Storms that originate over tropical waters are known by different names in different parts of the world. They're called hurricanes in the north Atlantic and Pacific oceans, typhoons in the Asian Pacific and cyclones in the Indian Ocean and elsewhere.

All are powerful storms that can cause damage on a massive scale. Witness the Bhola cyclone, which killed more than 300,000 people in Bangladesh in 1970. Or Hurricane Andrew, which caused more than $30 billion US in property damage as it cut a swath across Florida in 1992.

The dangers come from a number of directions. Heavy rains can bring floods, as can storm surges — walls of water that can overwhelm coast areas. Winds, ranging from 120 kilometres a hour to more than 250 km/h, can flatten buildings and devastate entire cities.

Birth of a tropical storm

A number of ingredients must be in the mix to create a tropical storm.

First, the storm needs a relatively deep ocean — at least 50 metres of warm water, with temperatures upwards of 27 or 28 Celsius. An existing weather disturbance, or low-pressure area, is also required, but the upper atmosphere must be fairly calm.

Winds near the ocean's surface spiral into the low pressure area of the disturbance, as the warm ocean waters provide the rising air with moisture and heat. The moisture then condenses into drops, releasing more energy and powering the circular winds.

Bands of thunderstorms form if the conditions continue to be right, with the cloud tops rising further and further into the atmosphere. If winds at the top remain light, the storms can stay intact and strengthen.

The storm can then become a tropical depression, an organized system of thunderstorms with an overall circular motion and maximum sustained winds of less than 62 km/h. When a depression becomes severe enough and the winds pick up to more than 62 km/h, it is designated a tropical storm. At that point, the storm is given a name.

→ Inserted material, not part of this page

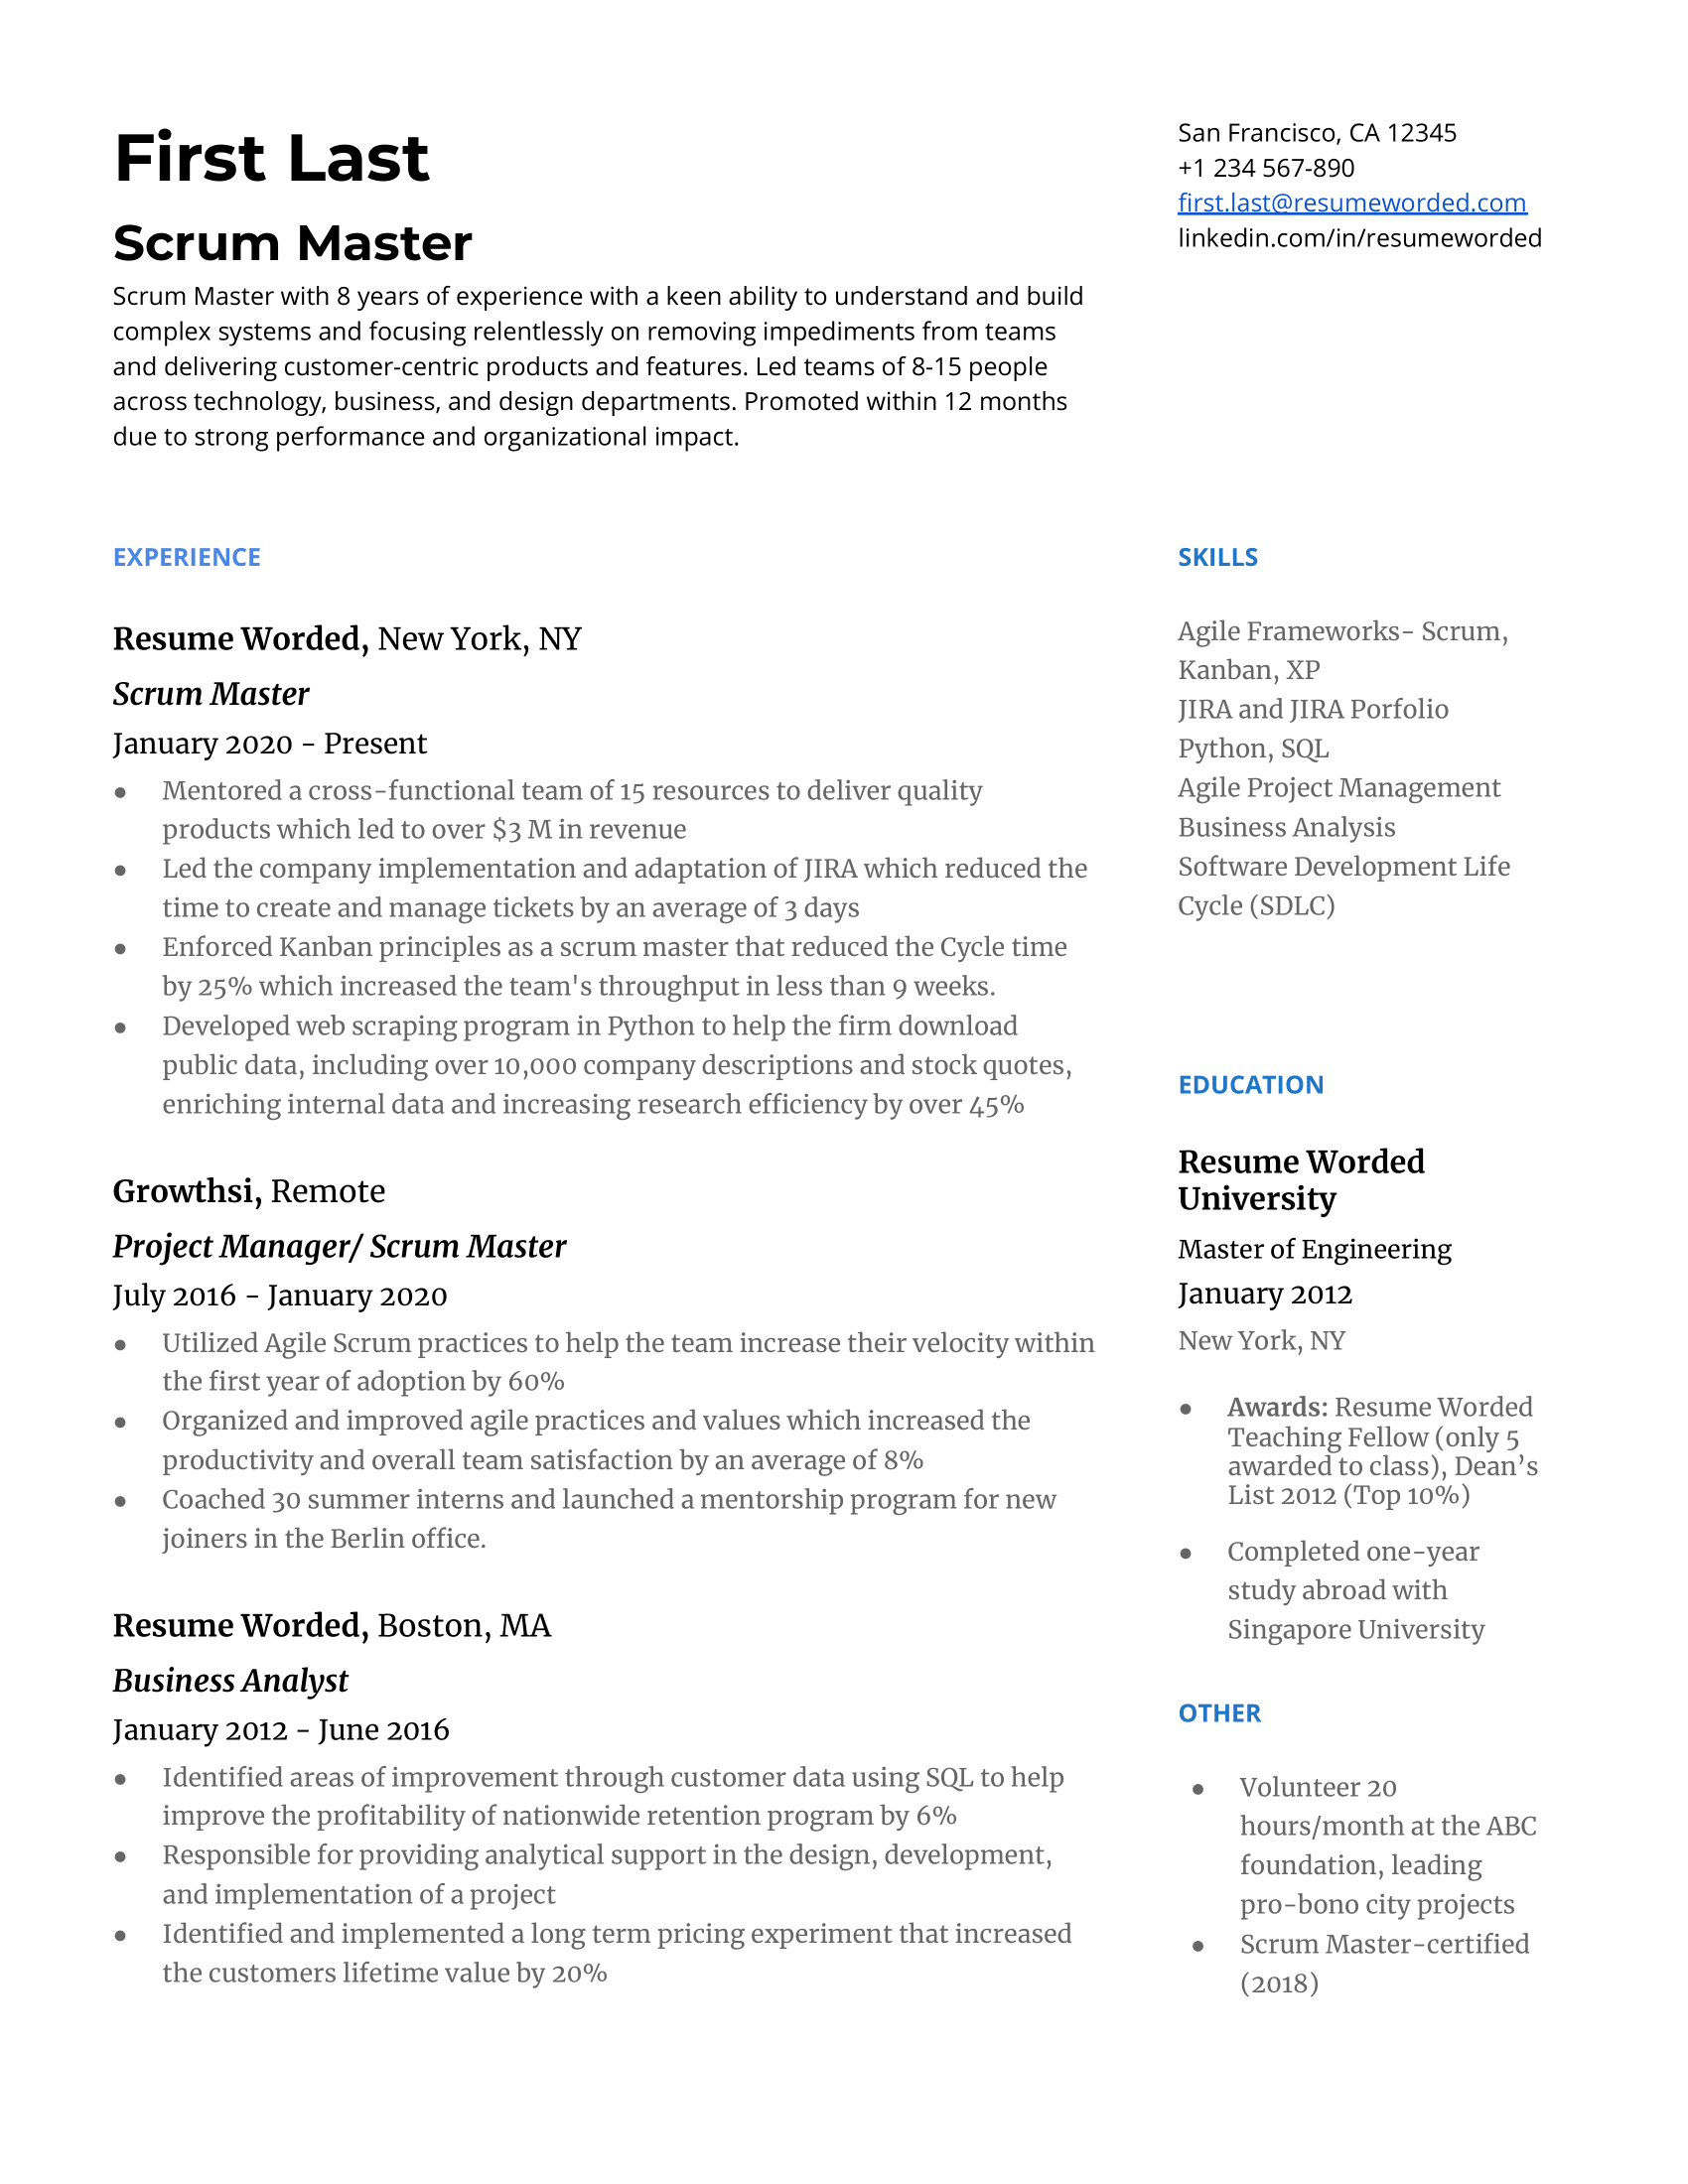 A scrum master resume template with a summary, a focus on experience in past roles, related skills, education, and certificate.

When the winds reach 119 km/h, the tropical storm is upgraded to hurricane, typhoon or cyclone status.

Eye of the storm

How are storms named?

An international committee has drawn up a list of 126 names — half male and half female — for North Atlantic hurricanes. The gender alternates, so Bill is followed by Claudette, then Danny, then Erika, and so on. There are 21 names for a given year, and these are repeated after a six-year cycle.

Each name corresponds to a letter of the alphabet. The letters Q, U, X, Y and Z are skipped. If the list of names is exhausted in a given year, subsequent storms are named after the letters of the Greek alphabet: Alpha, Beta, Gamma and so on.

Hurricane names are taken off the list only if they prove to be so deadly or costly it would be insensitive to re-use them in the future. The devastating Andrew, for example, has been replaced on the list by Alex.

Pacific and Indian ocean regions have similar naming conventions for hurricanes, cyclones and typhoons.

By this point, the cloud-free eye of the storm has typically formed. It's an area, up to 60 kilometres in diameter, caused by rapidly sinking air that warms and dries the centre. But the calm conditions and temporary clearing skies are an illusion — the strongest winds are found just outside the eye at ground level.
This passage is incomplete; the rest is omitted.